Jin, L., E. Williams, K. Szramek, L. M. Walter, and S. K. Hamilton. 2008. Silicate and carbonate mineral weathering in soil profiles developed on pleistocene glacial drift (Michigan, USA): Mass balances based on soil water geochemistry. Geochemica et Cosmochimica Acta 72:1027-1042.

Citable PDF link: https://lter.kbs.msu.edu/pub/2254

Geochemistry of soil, soil water, and soil gas was characterized in representative soil profiles of three Michigan watersheds. Because of differences in source regions, parent materials in the Upper Peninsula of Michigan (the Tahquamenon watershed) contain only silicates, while those in the Lower Peninsula (the Cheboygan and the Huron watersheds) have significant mixtures of silicate and carbonate minerals. These differences in soil mineralogy and climate conditions permit us to examine controls on carbonate and silicate mineral weathering rates and to better define the importance of silicate versus carbonate dissolution in the early stage of soil–water cation acquisition.

Soil waters of the Tahquamenon watershed are the most dilute; solutes reflect amphibole and plagioclase dissolution along with significant contributions from atmospheric precipitation sources. Soil waters in the Cheboygan and the Huron watersheds begin their evolution as relatively dilute solutions dominated by silicate weathering in shallow carbonate-free soil horizons. Here, silicate dissolution is rapid and reaction rates dominantly are controlled by mineral abundances. In the deeper soil horizons, silicate dissolution slows down and soil–water chemistry is dominated by calcite and dolomite weathering, where solutions reach equilibrium with carbonate minerals within the soil profile. Thus, carbonate weathering intensities are dominantly controlled by annual precipitation, temperature and soil pCO2. Results of a conceptual model support these field observations, implying that dolomite and calcite are dissolving at a similar rate, and further dissolution of more soluble dolomite after calcite equilibrium produces higher dissolved inorganic carbon concentrations and a Mg2+/Ca2+ ratio of 0.4.

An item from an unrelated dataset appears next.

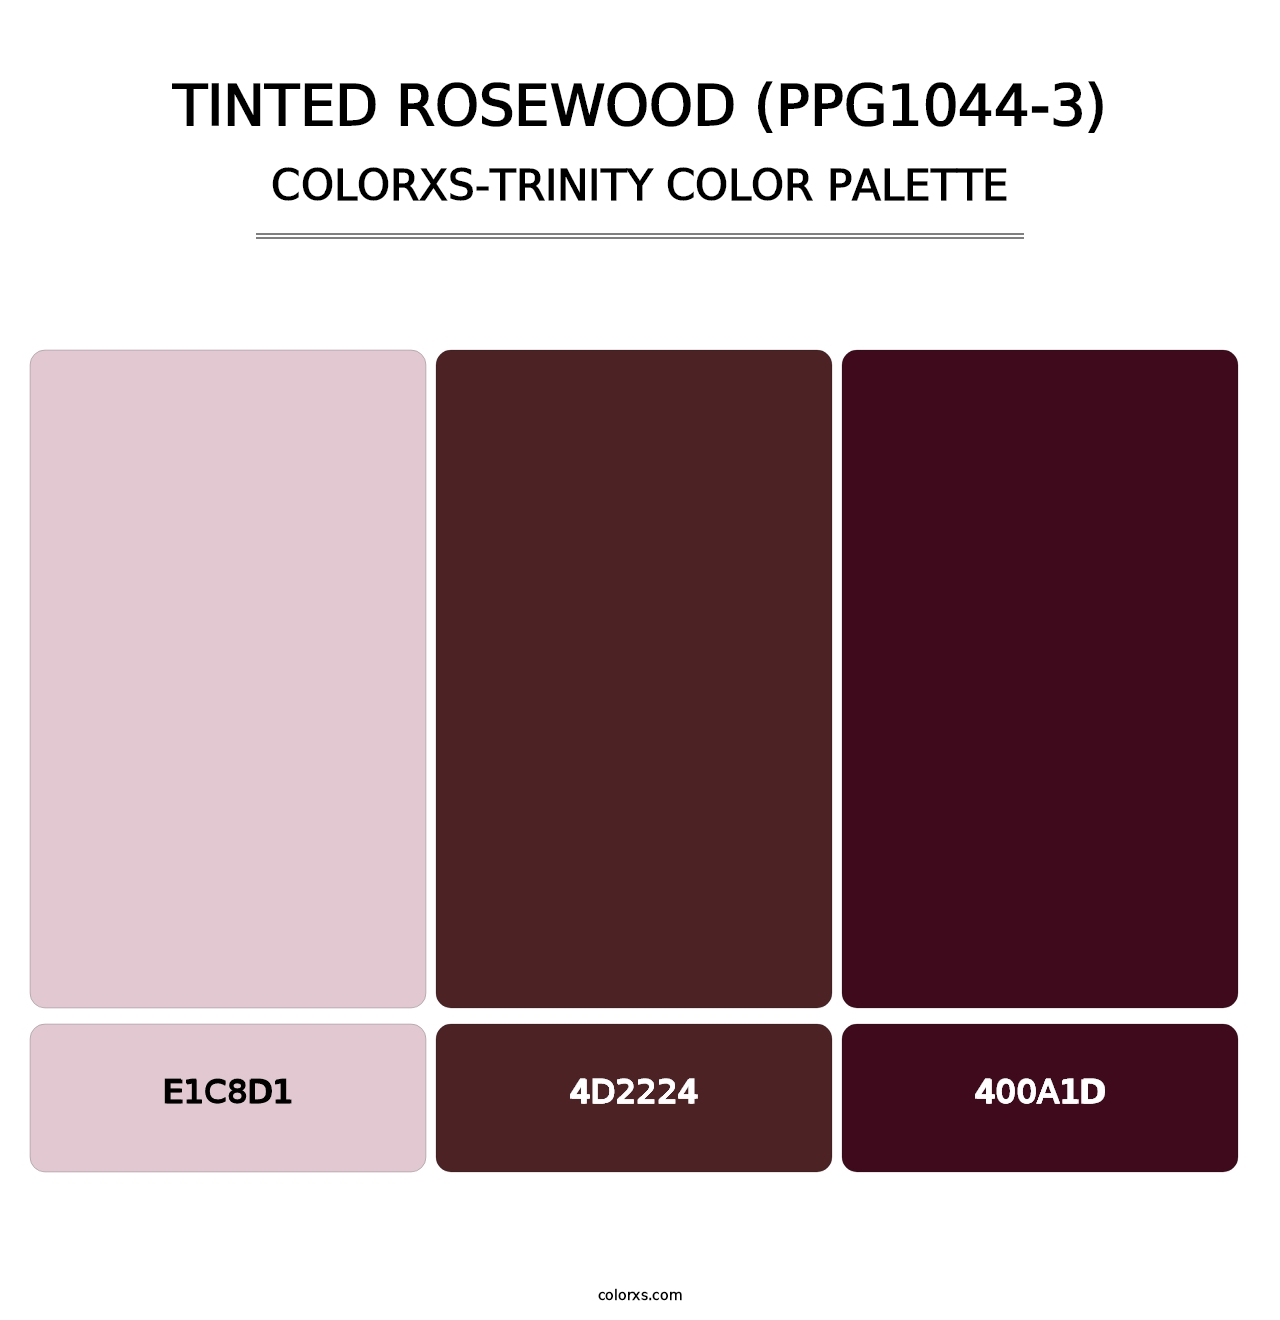 Tinted Rosewood (PPG1044-3) - Colorxs Trinity Palette

Mass balance calculations show that overall, silicate minerals and atmospheric inputs generally contribute <10% of Ca2+ and Mg2+ in natural waters. Dolomite dissolution appears to be a major process, rivaling calcite dissolution as a control on divalent cation and inorganic carbon contents of soil waters. Furthermore, the fraction of Mg2+ derived from silicate mineral weathering is much smaller than most of the values previously estimated from riverine chemistry.